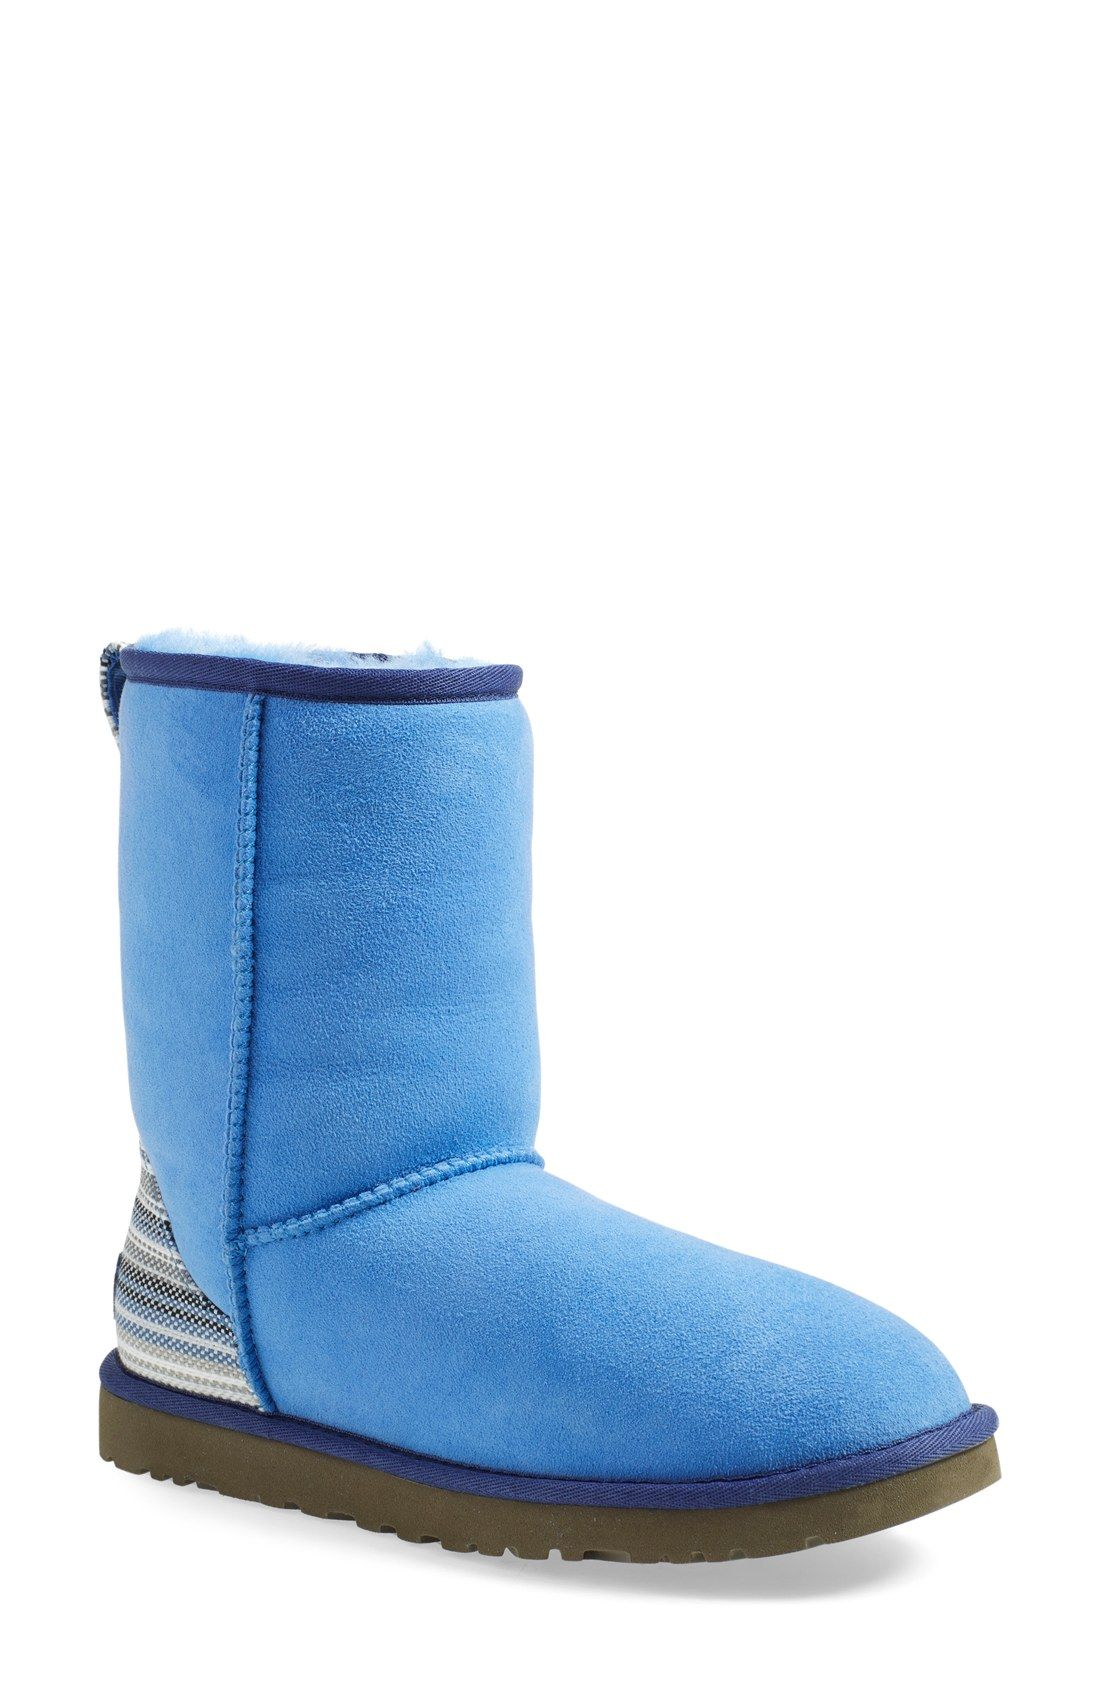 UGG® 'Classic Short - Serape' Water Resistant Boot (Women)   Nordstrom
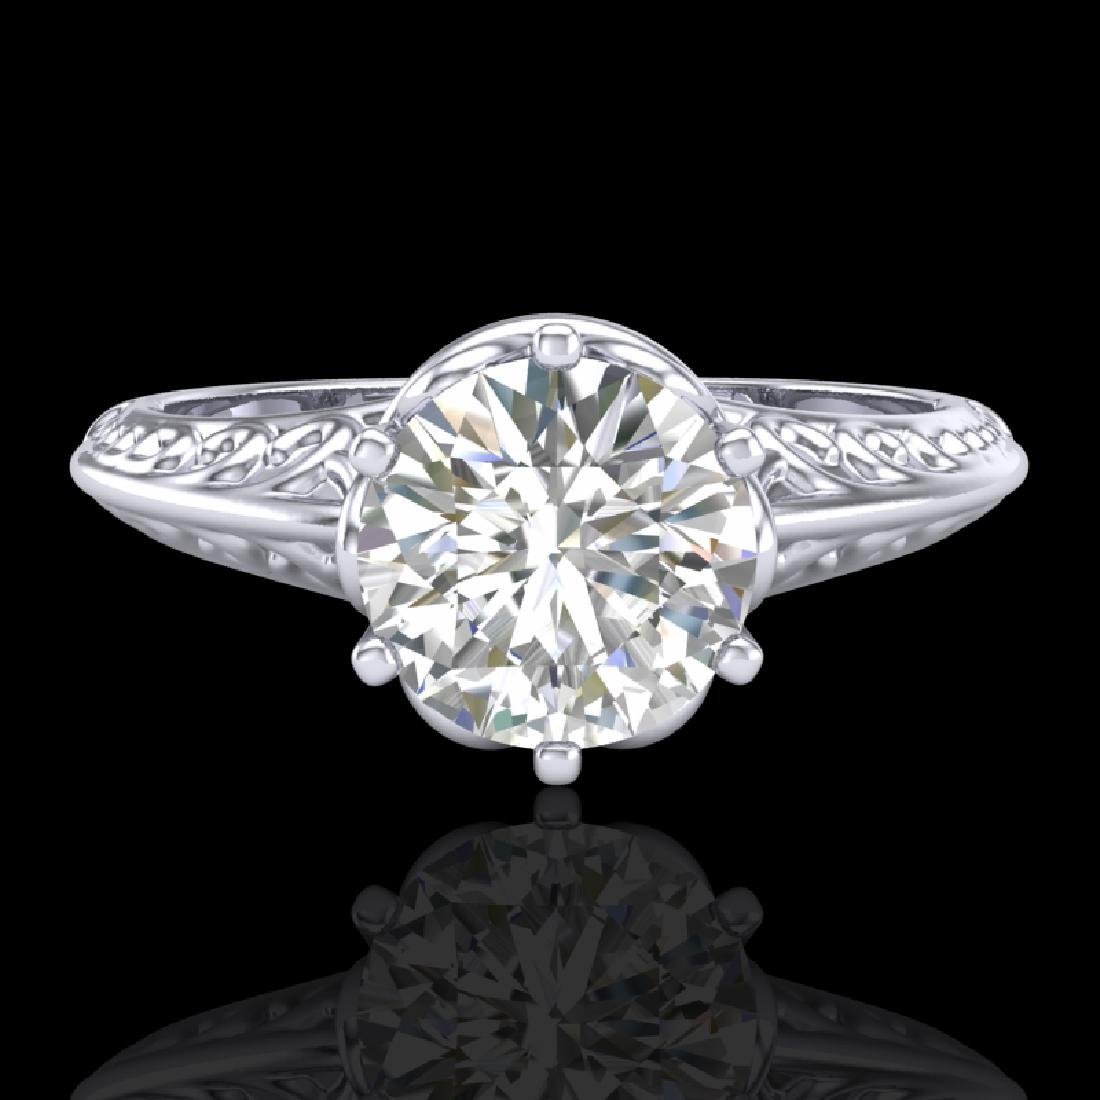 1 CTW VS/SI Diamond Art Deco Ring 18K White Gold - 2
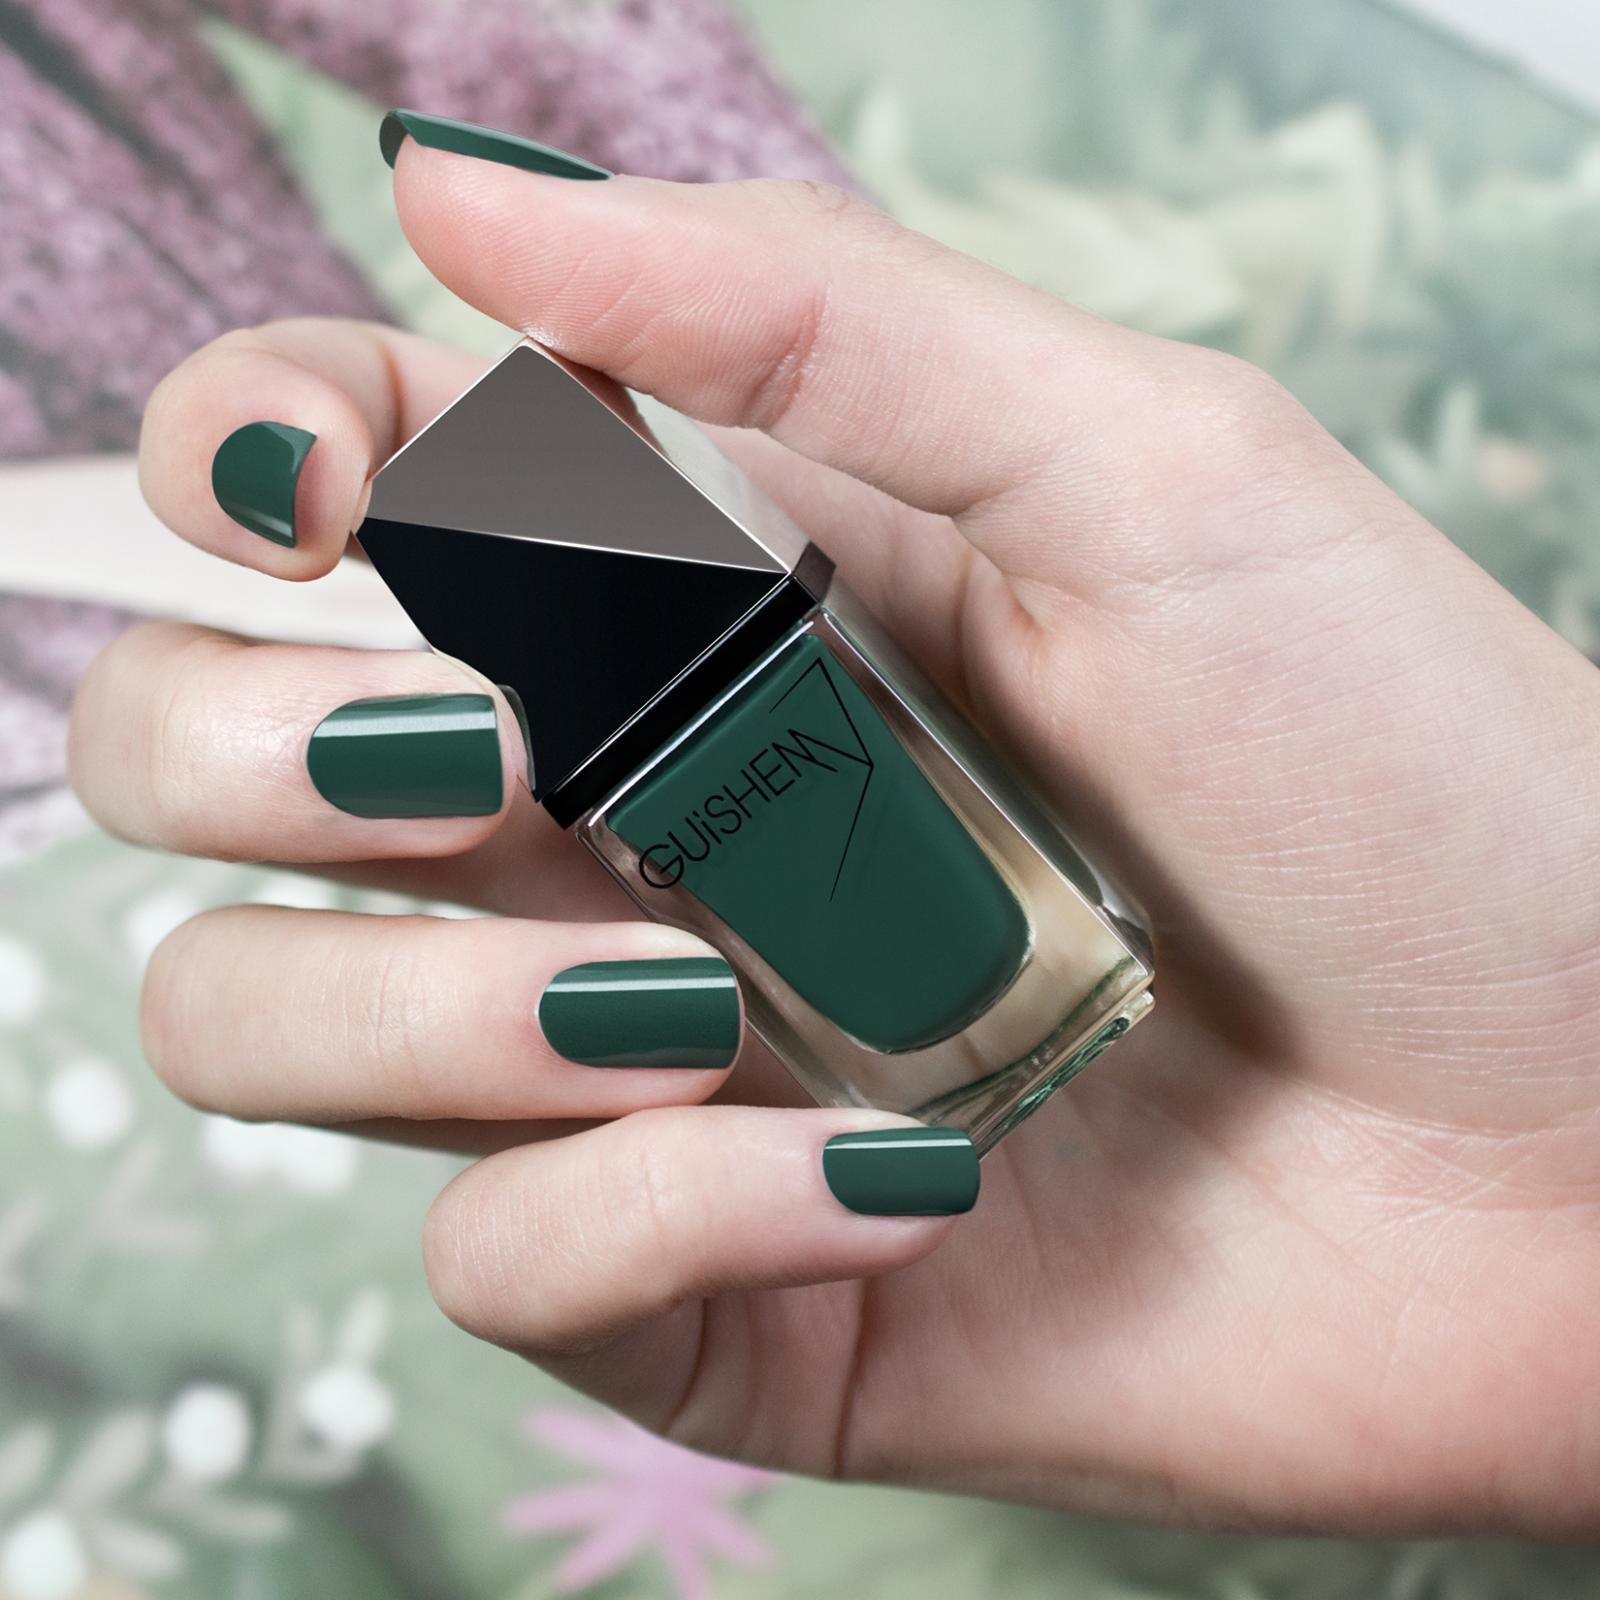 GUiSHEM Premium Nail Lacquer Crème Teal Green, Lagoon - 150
◇ ◇ ◇ ◇ ◇ ◇ ◇
Exercise objective - Transcribe the listing above verbatim. No picture belongs in the result.

Completed exercise -
 UGG® 'Classic Short - Serape' Water Resistant Boot (Women)   Nordstrom
 1 CTW VS/SI Diamond Art Deco Ring 18K White Gold - 2
 GUiSHEM Premium Nail Lacquer Crème Teal Green, Lagoon - 150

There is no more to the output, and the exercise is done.